Often people do not know what to tell before a doctor and do not understand which part of the history is to be elaborated. This is either due to ignorance or due to nervousness. What ever may be the reason it is the duty of the doctor to collect a reliable history. To eradicate the initial anxiety and nervousness from the patient's mind try to greet the patient by name whenever possible, try to discuss topics unrelated to his ailment. One can comment on the dress, can ask about his children in case of elderly people, about his school and education in case of school going children. At times these discussions can reveal key points too. If the patient is giving unnecessary details of a minor point, in stead of getting irritated on him, listen to him patiently and simultaneously ask the details of those points which you feel to be important. Often patients try to speak medical terms without knowing their significance and meaning. They should be dissuaded from that. At times patients tell more about their treatment than about their illness. This 10should be discouraged also. Also there are patients who show several consultation papers without telling much about their illness. Tell them to show the papers at the end of the consultation, because these papers are likely to misguide the examiner. However these papers have their own importance which will be discussed later. I always recommend students to evaluate the cases independently and assess themselves after going through the papers of experienced consultants. This will help to develop their own thought process.
Never show dissatisfaction or displeasure in words or in action while listening to the patient. For example, if a patient passes urine or vomits before you, remain quite, ask the attendant to clean the patient and the room, ask the patient to relax on a bed for some time and then discuss or examine him later. Similarly, if there is a foul smelling ulcer or foul breath, do not sniff or spit before the patient. These cases are often discarded by the family members and friends; their only hope is the doctor. They feel that the doctor will be able to do something to get rid of his problem and he will be able to go back to his social life. In stead, if he feels that the doctor also dislikes him, he may not feel like living and might attempt suicide.

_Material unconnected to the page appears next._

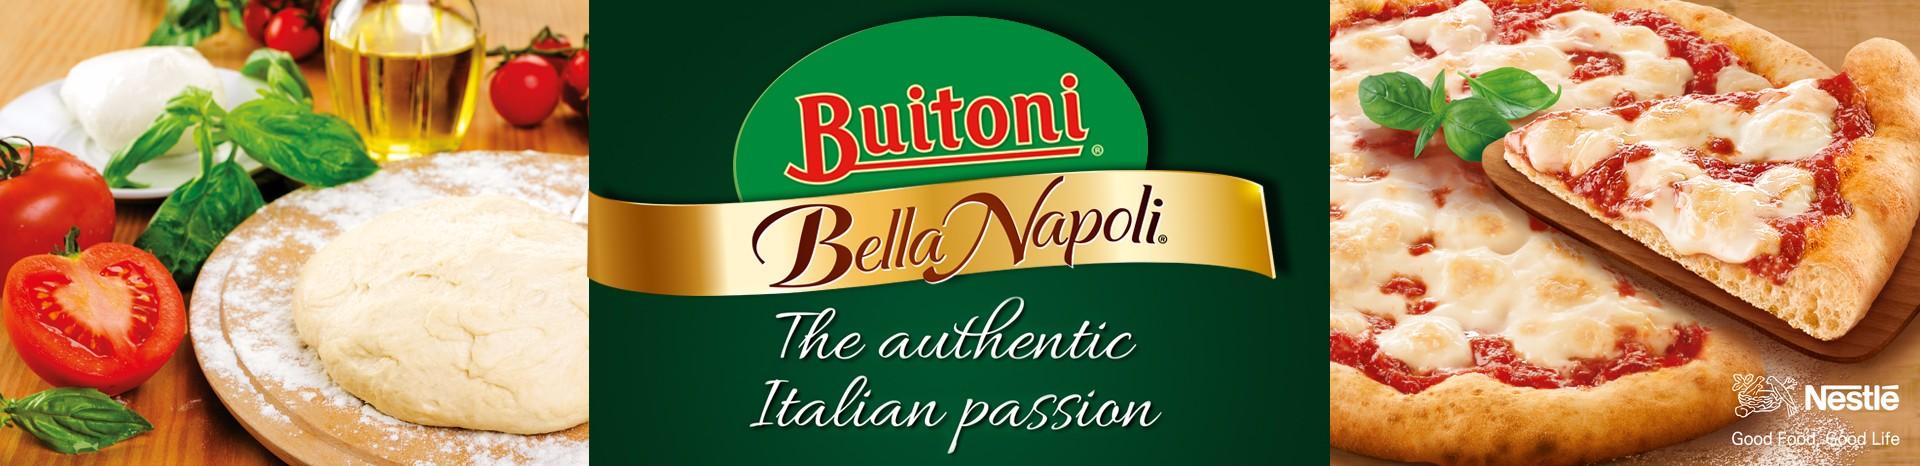 Banner_Buitoni
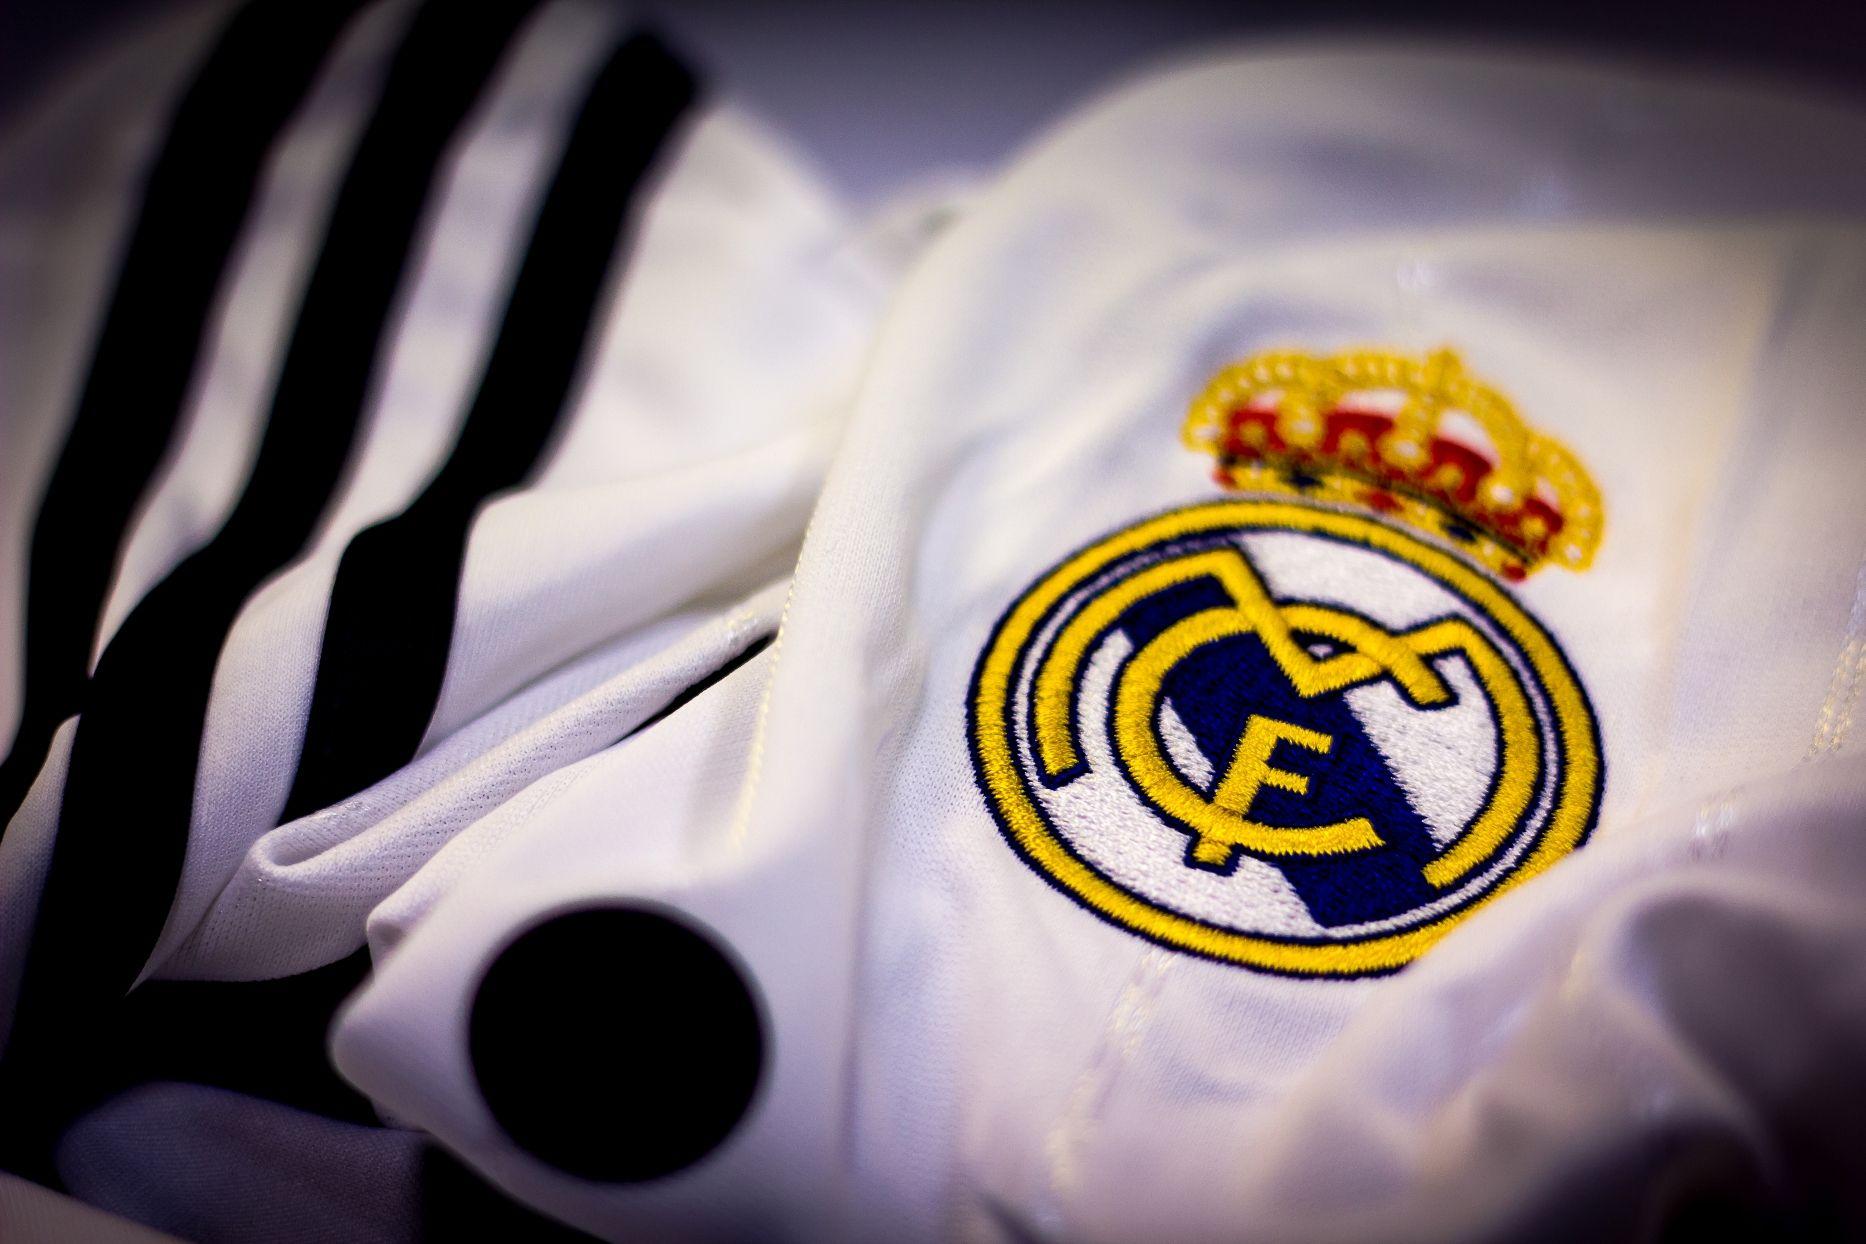 Real Madrid Club De Futbol Madrid Wallpaper 2021 Live Wallpaper Hd Real Madrid Logo Wallpapers Real Madrid Wallpapers Real Madrid Logo

Grown up children will not like to undress before their parents, but will not hesitate to do so before the doctor. This speaks that the doctor is in an advantageous position; rather he is in a better position than other relatives of the patients including parents to know the facts about the patient. The facts which are not told to the relatives may be revealed to the doctor. However the doctor should not take its undue 11advantage. He has to maintain the privacy of every patient and the secrecy of facts revealed to him should be maintained. It is a common experience that often doctors become good friends of many patients, particularly elderly people. These people often express unnecessary details of their family matters. It is wiser to listen to them patiently.
 
Sequence of History Taking
Traditionally, the first thing to be collected is the bio-data. These include age, sex, religion, address, and occupation. Next the chief complaints, history of present illness, history of past illness, family history, personal history, menstrual and obstetrics history and treatment history are to be taken. However, this scheme need not be strictly followed while applying on an individual case. In fact some doctors recommend taking past history and family history earlier than the history of present illness. This helps to understand the person and his illness more completely and clearly. I personally agree with this recommendation. I am giving two examples here how this is helpful.
Suppose, a case of rheumatic heart disease complains of fever for fifteen days and also gives history of dental extraction twenty days back. Here fever is the present illness and tooth extraction comes under the past illness. If this case is presented in a sequence like—a case of known rheumatic heart disease (past history) had tooth extraction twenty days back and now having fever for fifteen days (present illness), it appears that this patient is suffering from infective endocarditis.12
Similarly, if a woman comes with unconsciousness and she is pregnant also, it is better to tell from the beginning that ‘a pregnant lady coming with loss of consciousness for so many days duration’. Here one need not wait for obstetric history to mention about her pregnancy. Presenting this way makes the clinical situation clearer.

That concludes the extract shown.